To achieve such a culture change, IPs and health care epidemiologists must lead infection prevention collaboratives.
"Human infallibility is impossible, so we must have collegial interactive teams," he said. "Infection preventionists embody team building as I hope health care epidemiologists do. True teamwork depends on collegiality and mutual respect. Patient safety depends an inordinate amount on our teamwork."
This new challenge calls for people with a passion for prevention, and as a massive shakeout continues in the aging health care work force there is an open question whether the demographics will meet the demand.
"The biggest threat I see is how do we continue to attract the best and the brightest into our fields?" Gordon said. "Is this a job, a career or a calling? We need to make sure that people who enter this field have that passion, whether it is nursing or on the physician side."
One answer was underscored by Gordon's presence at the podium, as observers have long called for a much more vital partnership between SHEA and APIC as part of the changing perception of HAIs. Indeed, the rapid rise of infection prevention collaboratives is among the more promising signs in the field, Olmsted notes. In particular, the aforementioned CLABSI campaigns produced rather stunning results, according to the Centers for Disease Control and Prevention.1
"We have had significant progress," Olmsted said, rallying the APIC crowd. "We've saved 27,000 lives in this process and saved probably $1.8 billion dollars in health care costs.

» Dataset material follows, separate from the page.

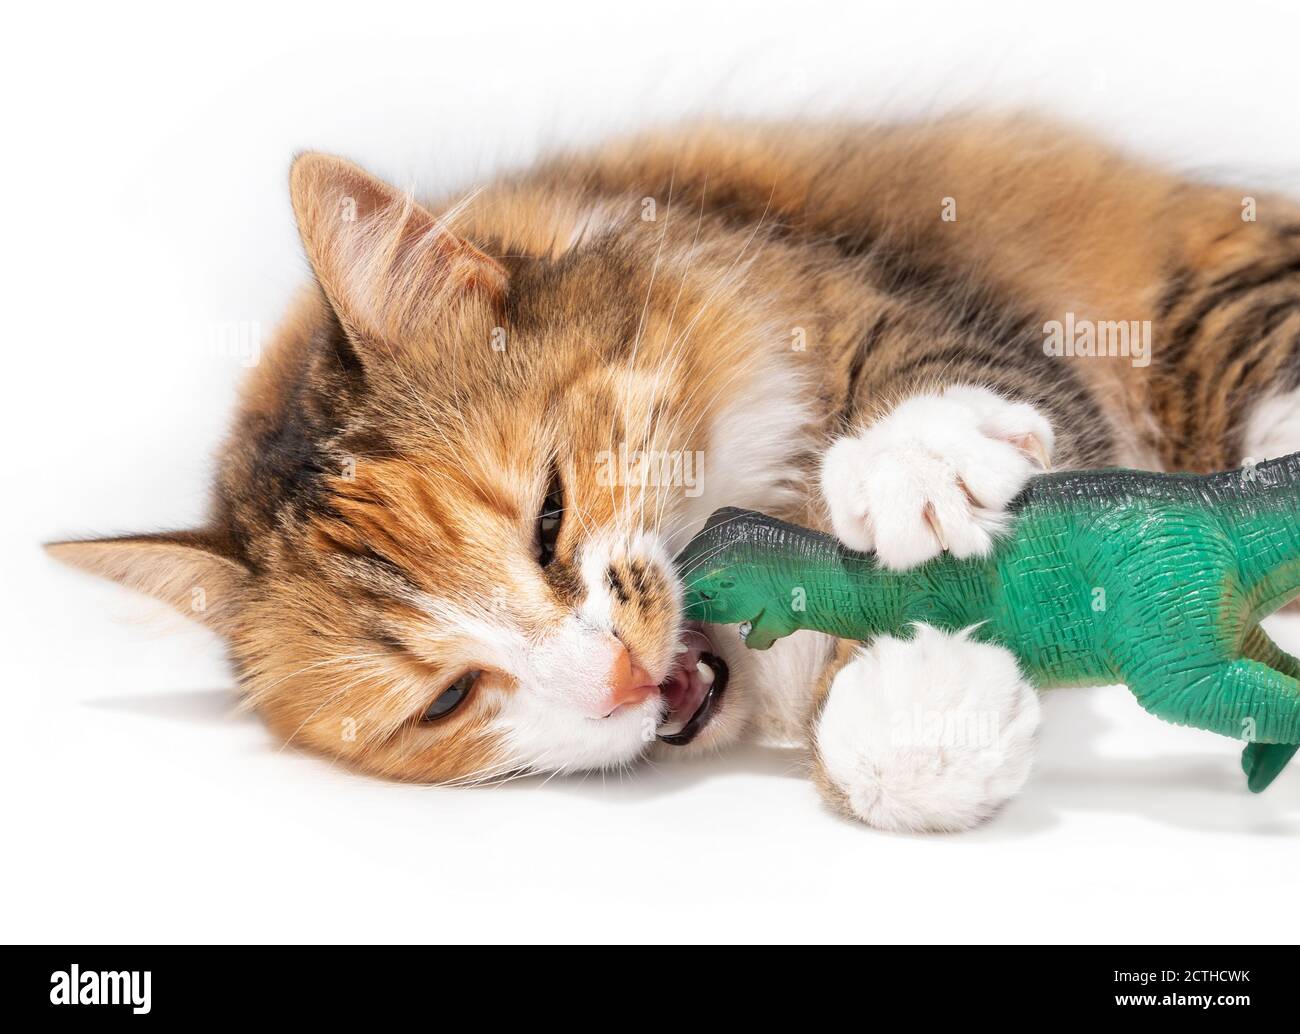 Cat vs dinosaur. A long hair fluffy kitty is laying sideways. The playful 1 year old cat has a large green plastic toy in the mouth and chewing it. Stock Photo

Give yourselves a round of applause."
However, he pointed out another number that was not so positive. How many APIC members are certified in infection control and carry the CIC initials in their titles? Nineteen percent, Olmsted reported. While the figure may certainly reflect that many among APIC's thousands of members are not hospital based IPs, the lack of certification in the profession seemed to surprise the APIC audience. With the perception that the field must master new skills to take full advantage of an historic opportunity, the fact that many IPs are not proving that they know the old ones is an obvious concern.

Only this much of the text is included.